Herjavec Group’s Robert Herjavec
“As a major partner and a distributor/MSSP, we are excited to leverage this new program, helping our customers and delivering security outcomes,” said Robert Herjavec, CEO of Herjavec Group and Fishtech Group.
Aspects of the Chronicle MSSP Program
Ganesh said several aspects of Chronicle MSSP make the program attractive to partners. He noted that internal Google Cloud teams will help sell MSSP solutions, which will “help unlock greenfield accounts and expand into new territories quickly.”
What was not immediately clear is how that will mesh with Mandiant’s direct-sales tactics. Google Cloud often emphasizes its partner-led strategy, so executives will need to tread carefully.
Ganesh further said Chronicle MSSP gives members more control over margins. That’s through a “modern licensing model.” What this means, exactly, was also not immediately clear.
Meanwhile, through Chronicle MSSP, partners can add their own intellectual property and technology on Chronicle, Ganesh said. They can brand reporting, services and advanced threat intelligence accordingly. All this makes solutions both unique and easier to sell, he said.
Speaking of Chronicle itself, MSSPs will be able to streamline and automate customer-management workflows due to multitenant, API-enabled environments. Chronicle takes data from any cloud, any data set, Ganesh said, to “enable security data to exist in one place, and perhaps more importantly, aliased and correlated into a timeline of events. This capability can enable SOCs to begin to operationalize their data into meaningful signals.”
In terms of Chronicle’s capabilities, the platform (not the partner program) provides threat prioritization and context-aware detection, Ganesh said.
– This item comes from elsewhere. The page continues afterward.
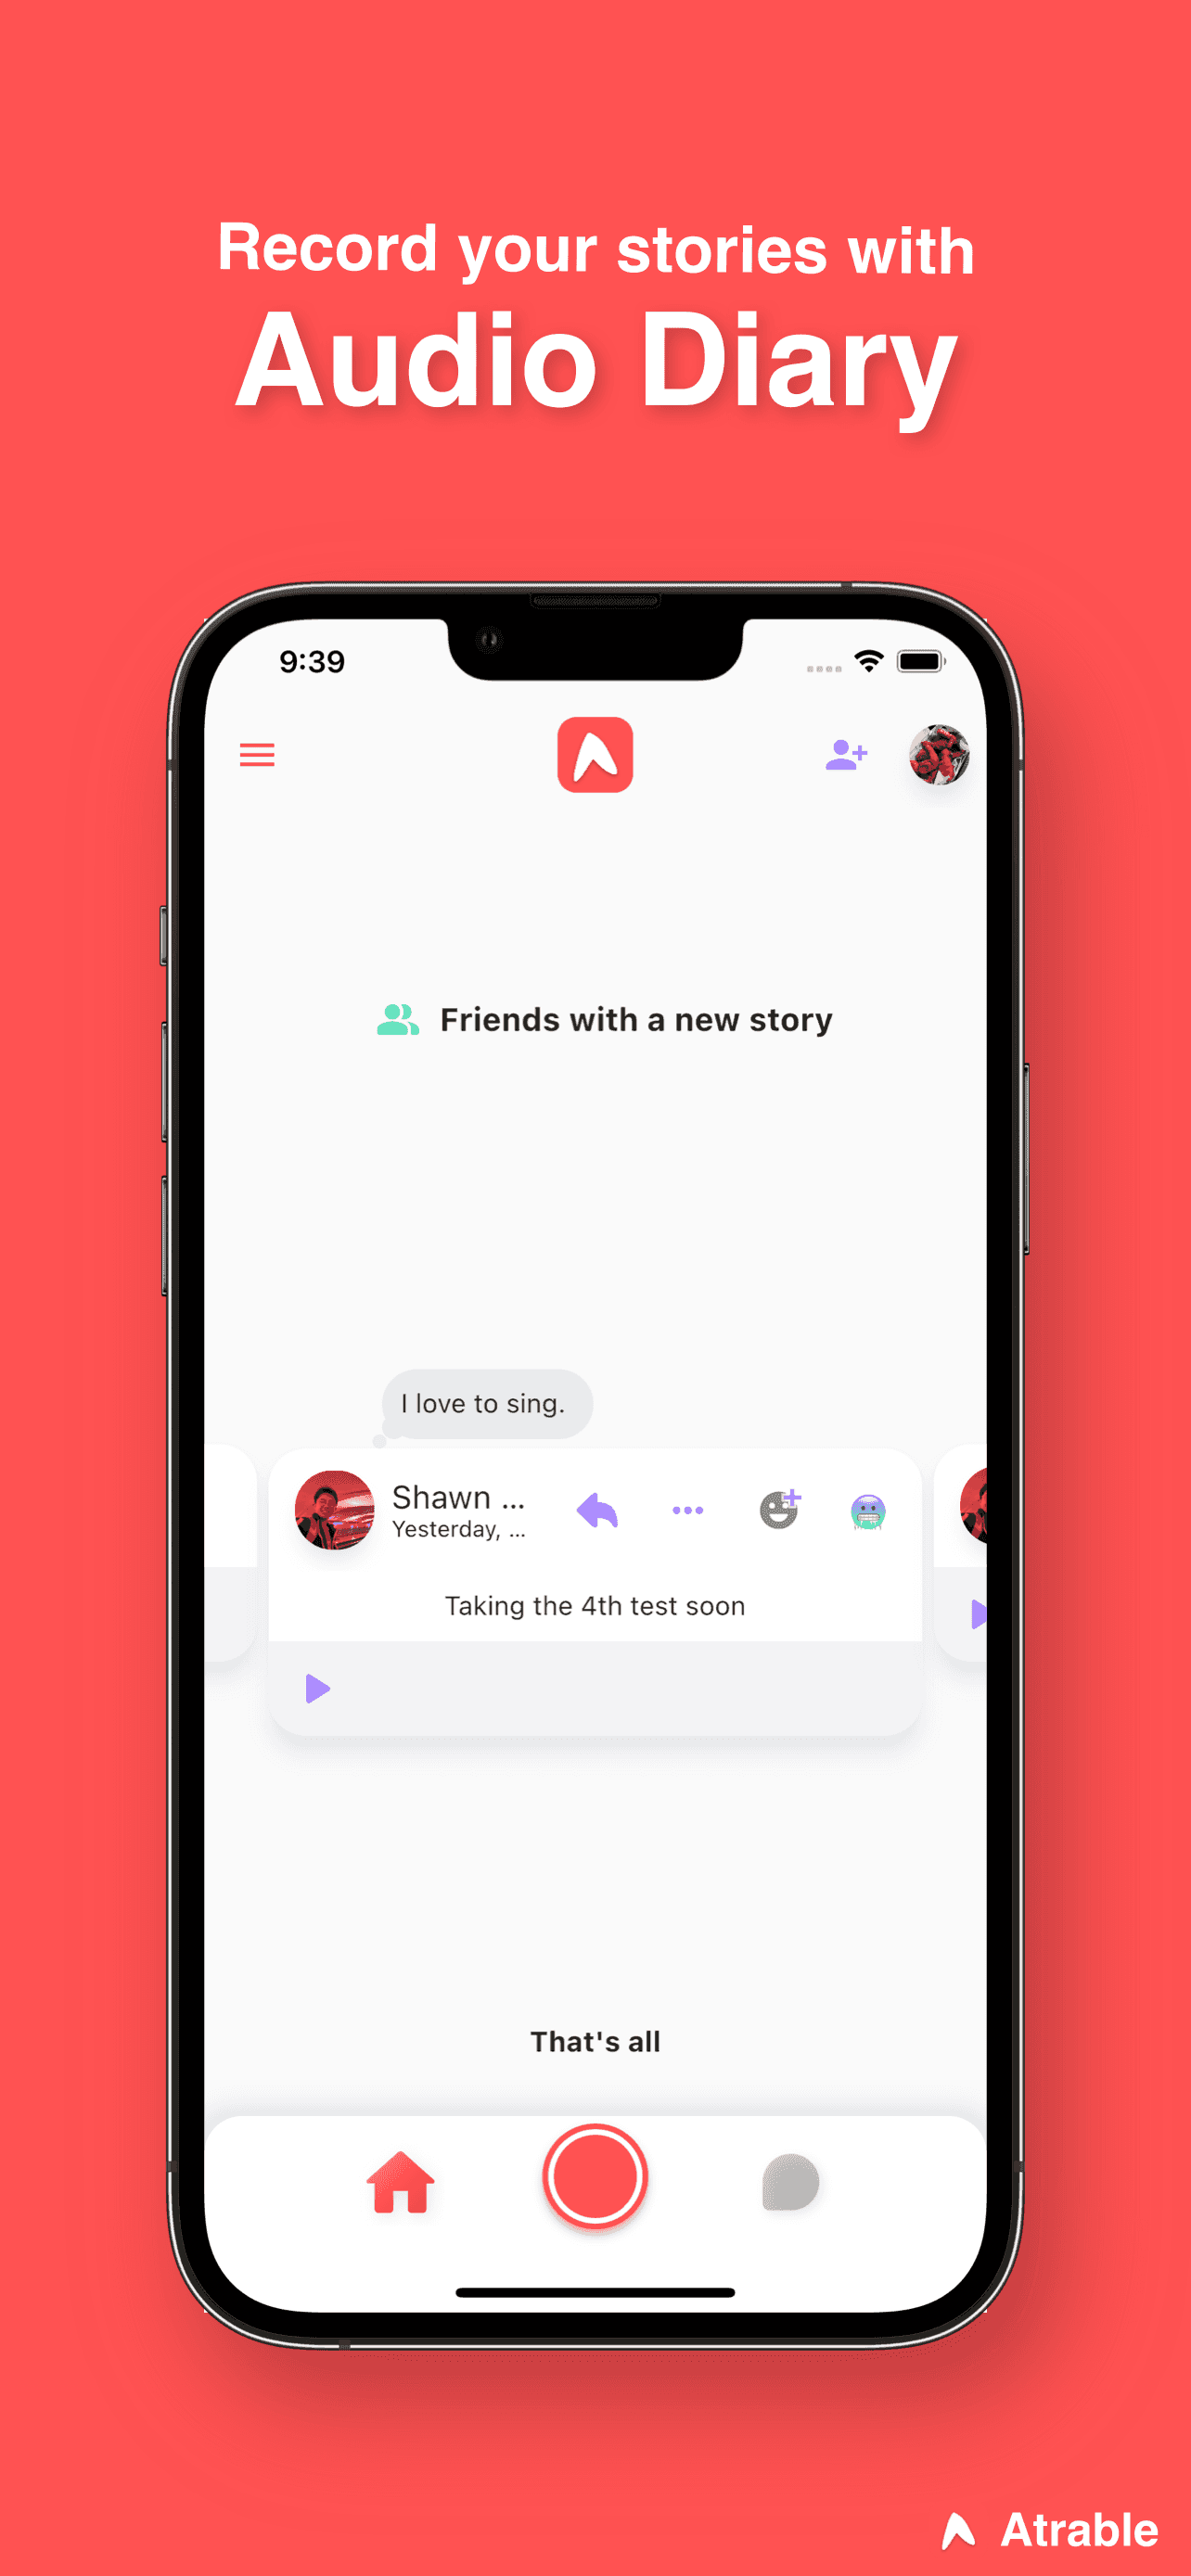 Record your stories with Audio Diary

In other words, “the supporting information from authoritative sources (e.g. CMDB, IAM, and DLP) including telemetry, context, relationships and vulnerabilities are available as a ‘single’ detection event,” he wrote. “Our partners can use this capability to write context-driven detections, prioritize existing alerts and drive fast investigation.”
Overall, Google Cloud expects to help MSSPs reduce response time. That “can lead to greater customer and cost benefits,” Ganesh said.
Why Chronicle MSSP Now?
The introduction of Google Cloud’s Chronicle MSSP Program comes, again, as the Big Three recognize the cloud-security convergence. AWS has its nascent Level 1 Competency, which certifies partners to deliver security and monitoring as a managed service. Microsoft has the MISA, which brings together MSSPs, independent software vendors and Azure Sentinel for security information and event management. Furthermore, Chronicle MSSP enters the market as threats and breaches remain at all-time highs, and as bad actors take aim at emerging areas of weakness. Cloud became one of those amid COVID-19’s rushed deployments, and many organizations continue to try to clean up the messes. They remain in a rush against time as hackers exploit gaps.